This indicates that the ``to-file`` stage cannot accept the input type of `morpheus.pipeline.messages.MultiMessage`.
This is because the ``to-file`` stage has no idea how to write that class to a file, it only knows how to write instances of `morpheus.messages.message_meta.MessageMeta`. To ensure you have a valid pipeline, examine the `Accepted input types: (<class 'morpheus.messages.message_meta.MessageMeta'>,)` portion of the message.

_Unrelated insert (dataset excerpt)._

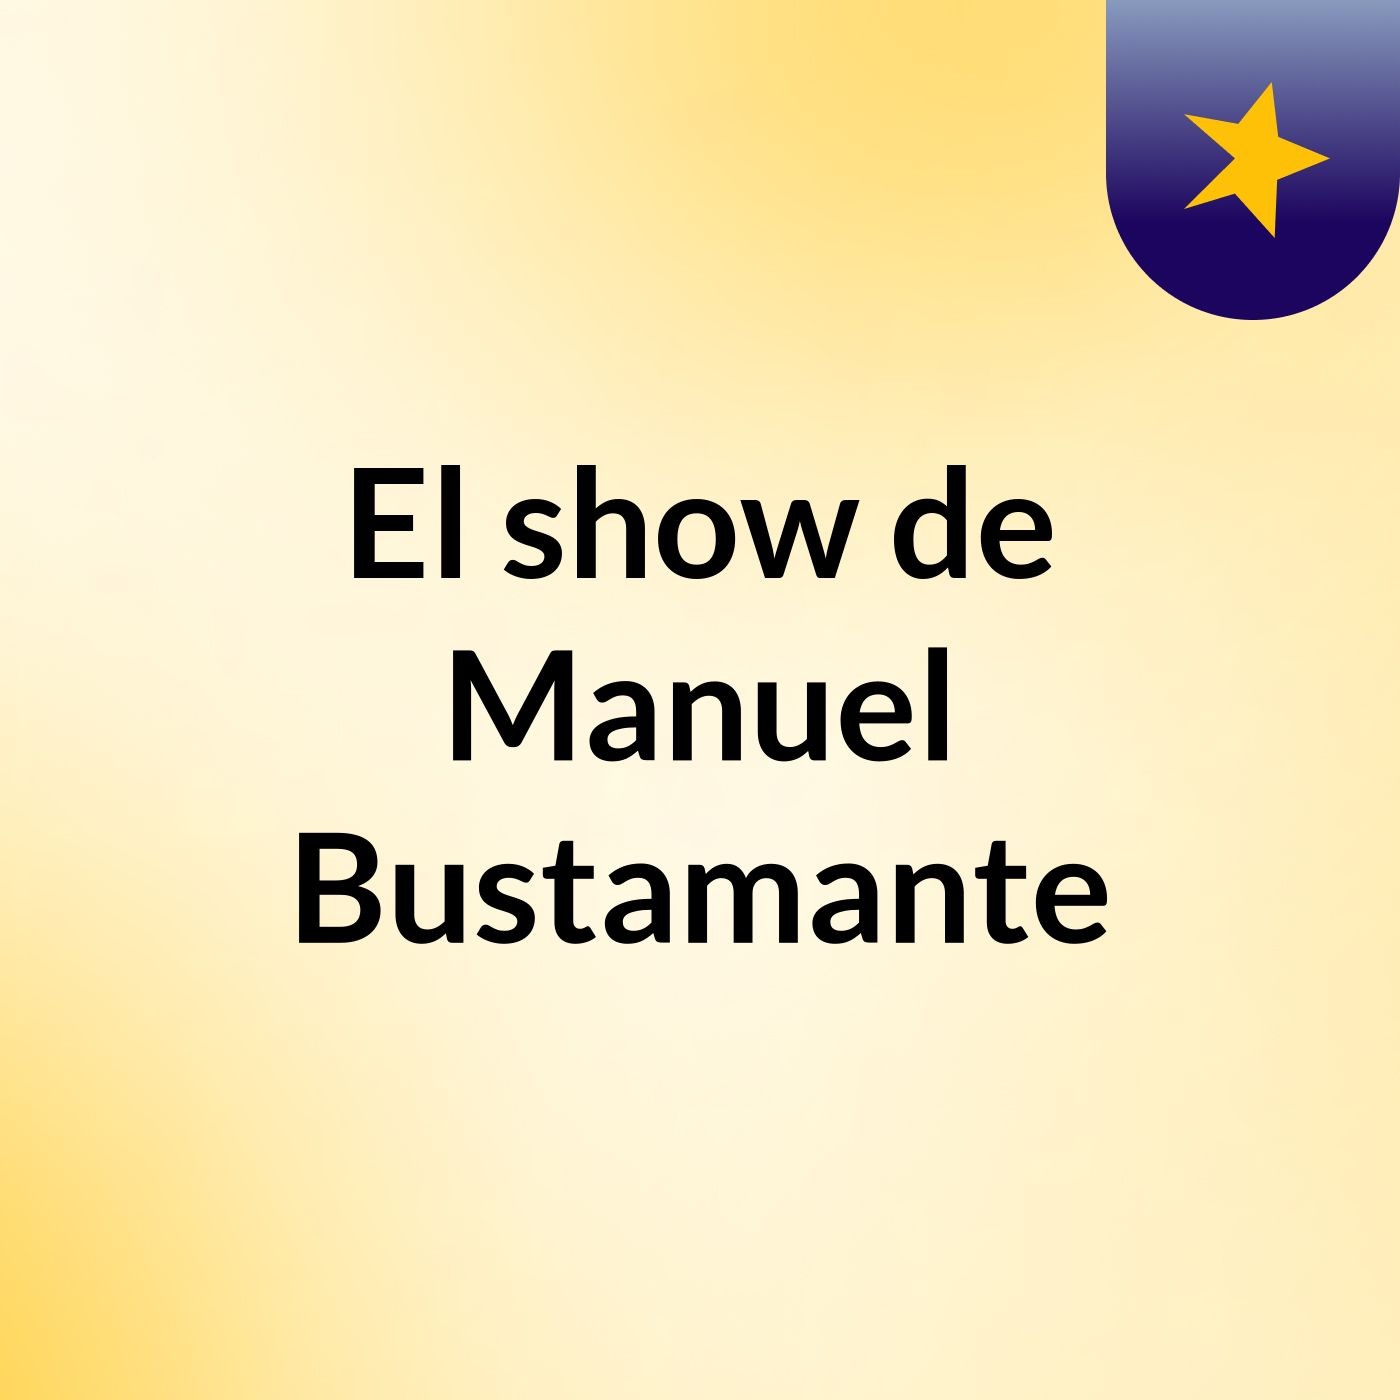 El show de Manuel Bustamante

This indicates you need a stage that converts from the output type of the `deserialize` stage, `MultiMessage`, to `MessageMeta`, which is exactly what the `serialize` stage does.

### Kafka Source Example
The above example essentially just copies a file. However it is an important to note that most Morpheus pipelines are similar in structure, in that they begin with a source stage (`from-file`) followed by a `deserialize` stage, end with a `serialize` stage followed by a sink stage (`to-file`), with the actual training or inference logic occurring in between.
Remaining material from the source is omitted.